Frequency of Words in a File, sed script from 1980

tr -cs A-Za-z\' '\n' | tr A-Z a-z | sort | uniq -c | sort -k1,1nr -k2 | sed ${1:-25} < book7.txt

This is not my script, it can be found way back from 1980 but once it worked fine to give me the most used words in a text file.
Now the shell is complaining about an error in sed

sed: -e expression #1, Character 2: missing command

The instruction to this one liner tells to set it into an executable script, but lazy people ask, because in my former configuration it worked fine to find the most used words in a large text file. So can anyone give me a hint on the error of sed and its missing expression to the characters.

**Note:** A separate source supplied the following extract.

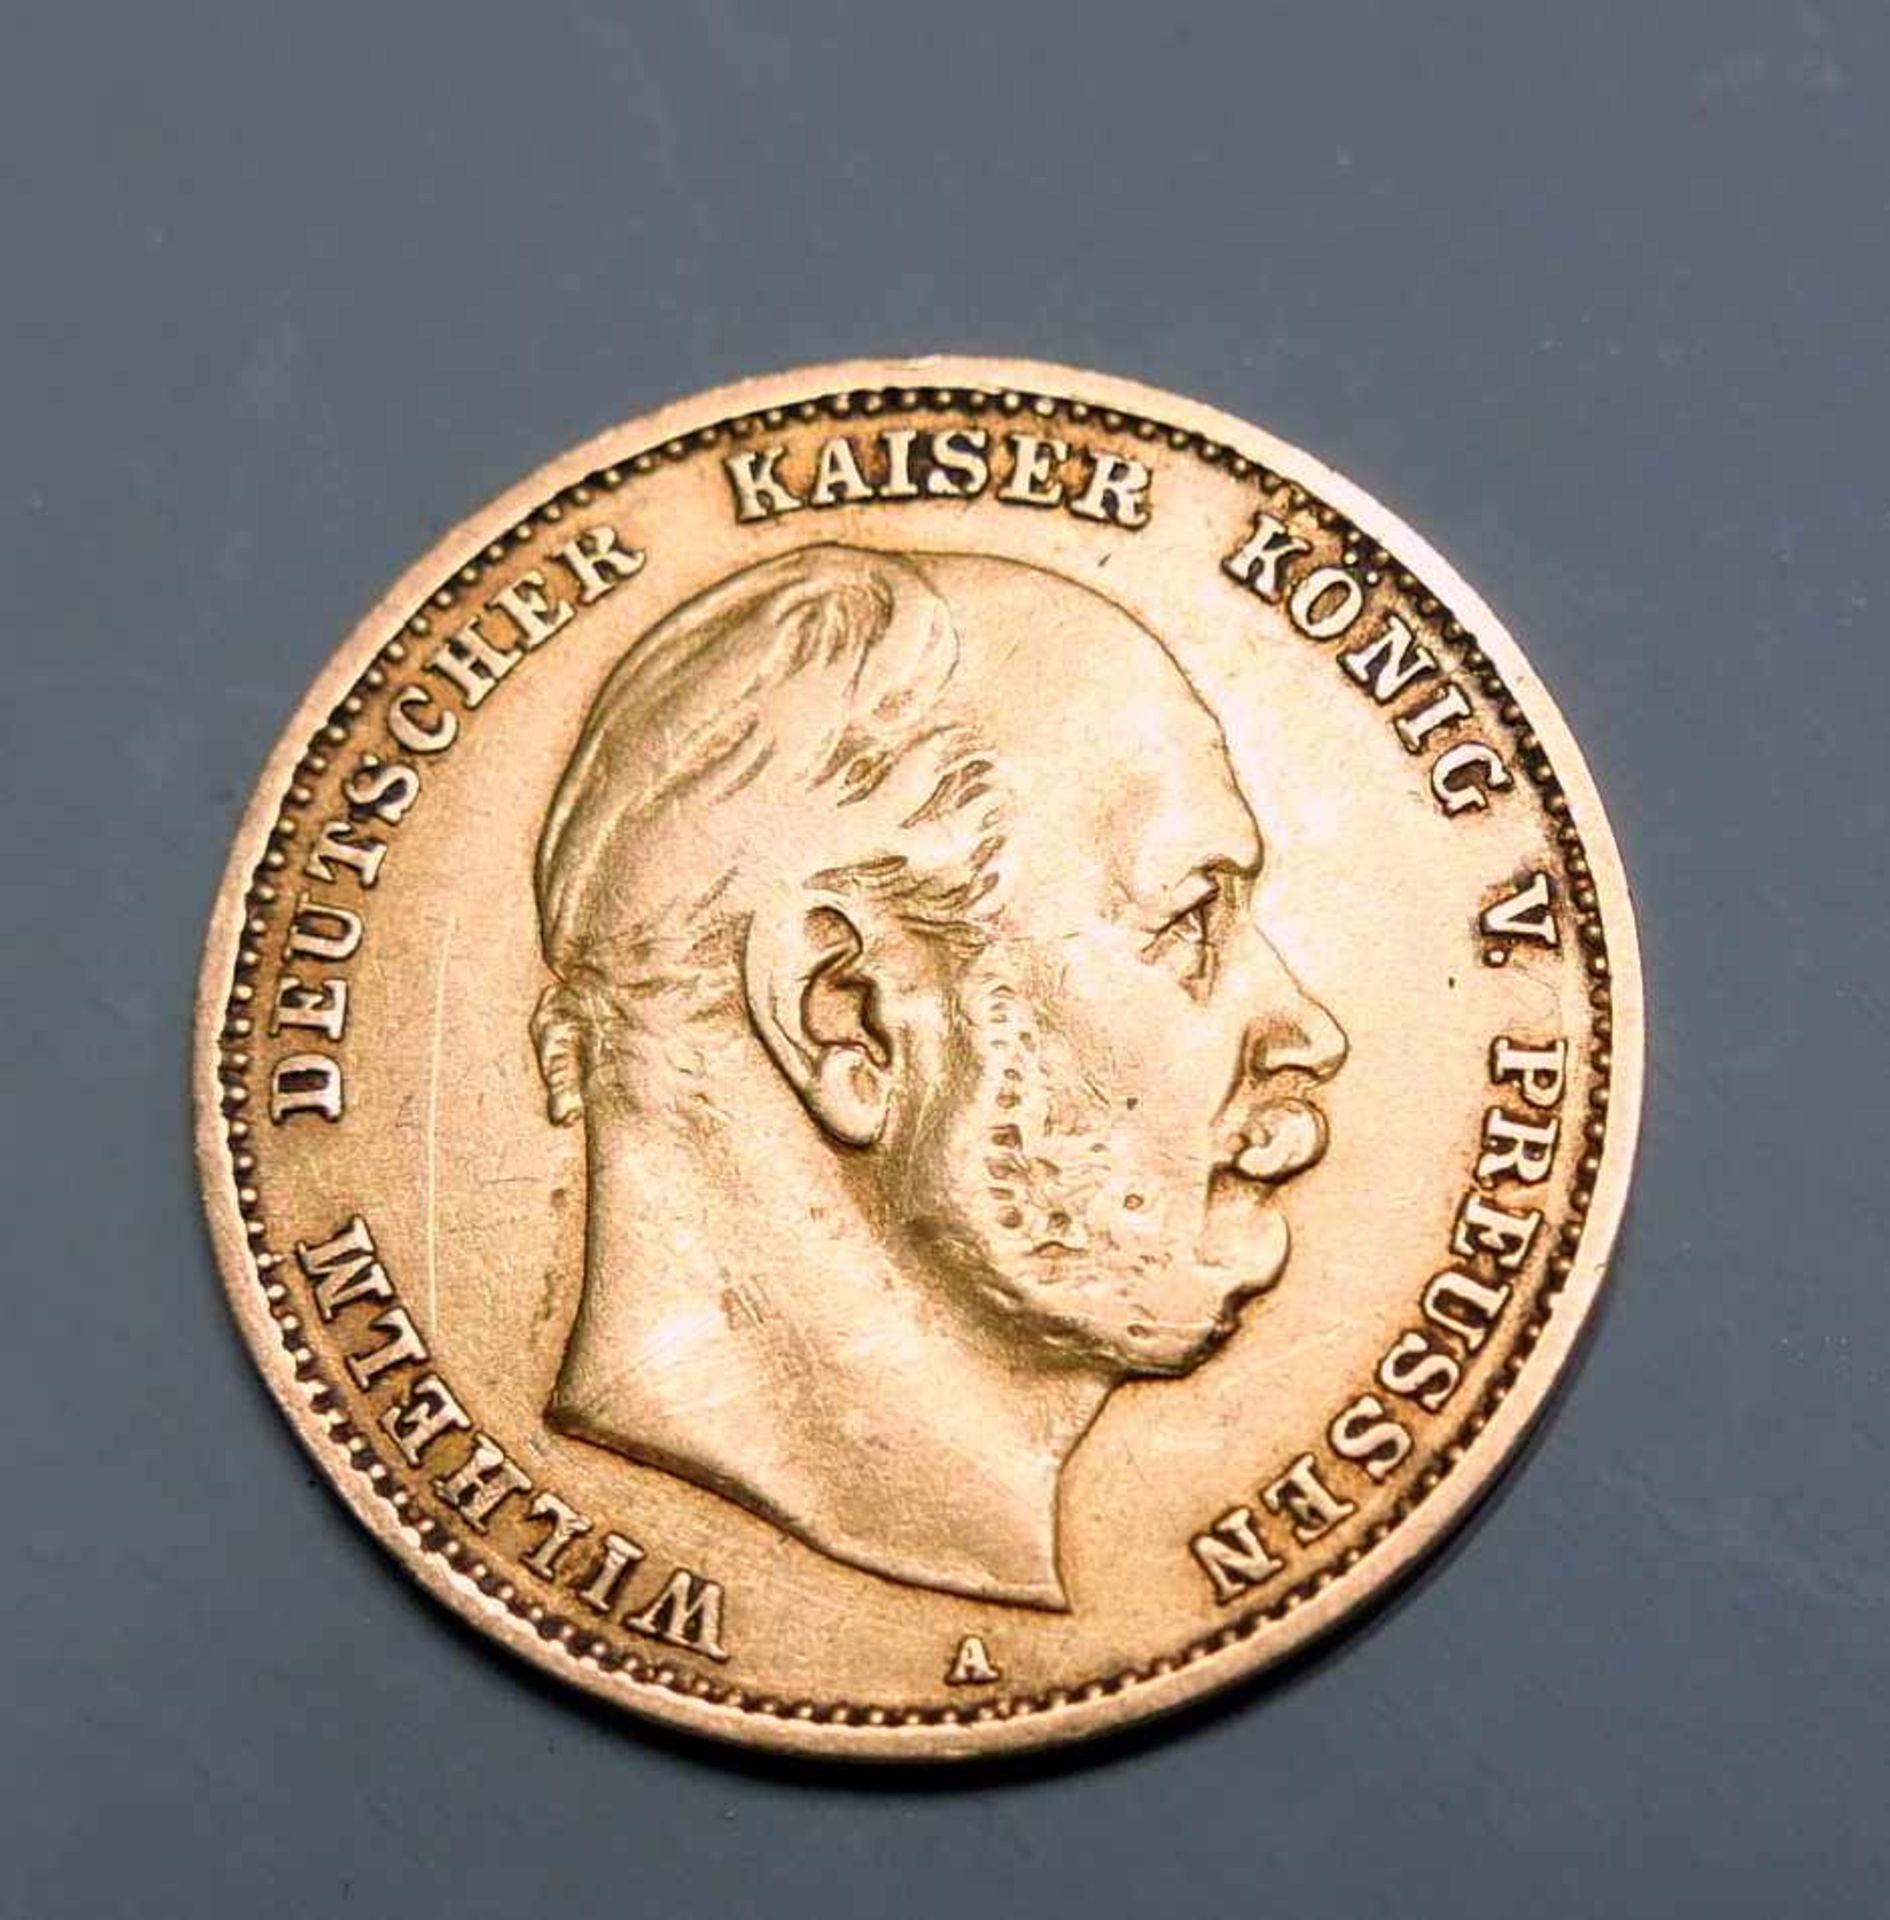 Goldmünze, 10 ReichsmarkGold. 10 Mark, Wilhelm deutscher Kaiser König v. Preussen. A. Deutschland,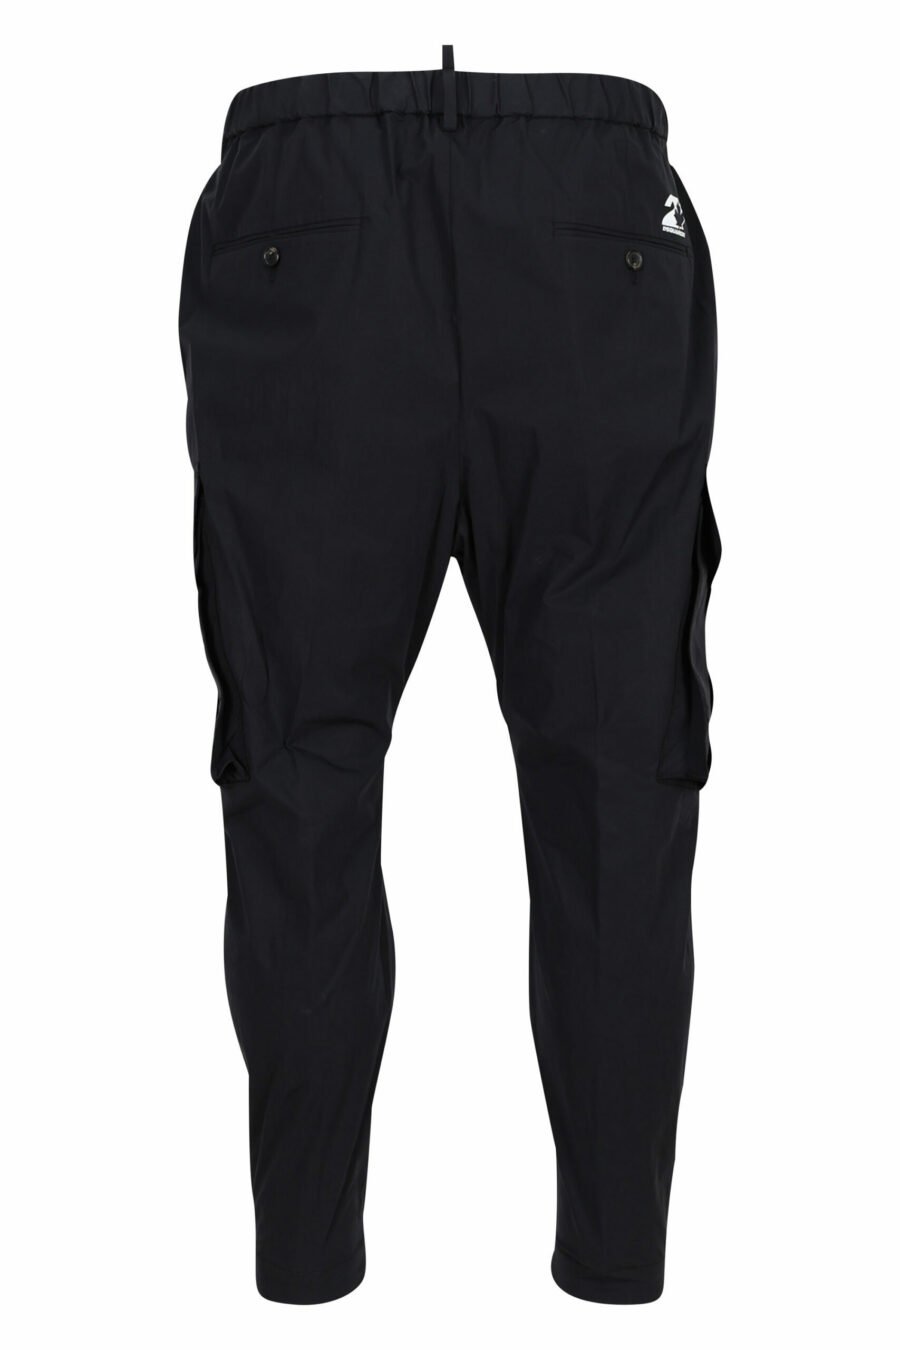 Pantalón negro " pully pant" - 8054148060992 2 scaled

I am trying this in the very directory where the file of book7.txt is located.
Thanks in advance.

One might guess that a current sed would work if you change:

sed ${1:-25}

in that pipeline to:

sed -n "1,${1:-25}p"

which would print the 1st 25 lines if no command line arguments are given to your script or the top X lines if the 1st argument to your script is X.

1 Like

Did you follow the instruction? And run the executable script with an adequate parameter?In bourne compatible shells, the ${1:-25} expands to the first positional parameter's contents or - if missing - to 25; c.f. man bash :

With no parameter given, I get the same error message as you do, as sed can't cope with a 25 as the sole "command". With a first positional parameter of e.g. 1,15!d , above script will print the 15 topmost words in the text presented.

I'm a bit surprised that script should have ever run with no parameters given.

Where do you think tr is getting its input?

Good point. A better chance at a working script might be any one of the following three commands:

{ tr -cs A-Za-z\' '\n' | tr A-Z a-z | sort | uniq -c | sort -k1,1nr -k2 | head -n ${1:-25}
} < book7.txt

or:

(tr -cs A-Za-z\' '\n' | tr A-Z a-z | sort | uniq -c | sort -k1,1nr -k2 | head -n ${1:-25}) < book7.txt

or:

tr -cs A-Za-z\' '\n' < book7.txt | tr A-Z a-z | sort | uniq -c | sort -k1,1nr -k2 | head -n ${1:-25}
1 Like

@Rudi C It worked under debian squeeze.
@ Don Cragun I will try the given options, many thanks, really
@cfajohnson I do not know, I thought it would be given by the < character
While moving to another living space, I will try this given hints, and reply which one solved the problem. Will take some days...
@Don Cragun

all I get as an answer is that there is a wrong modifier in all three cases

[/CODE]
$ (-)

So I guess it would be better to make it an executable script to test it. And taking out the " - " character did not work either




Well, I am probably unable to just apply a script. The following is from 2009, and should work as well counting the frequency or occurrence of words in a given textfile. 


  cat test.file | tr -d '[:punct:]' | tr ' ' '\n' | tr 'A-Z' 'a-z' | sort | uniq -c | sort -rn   

I put in another .txt-file and it works fine.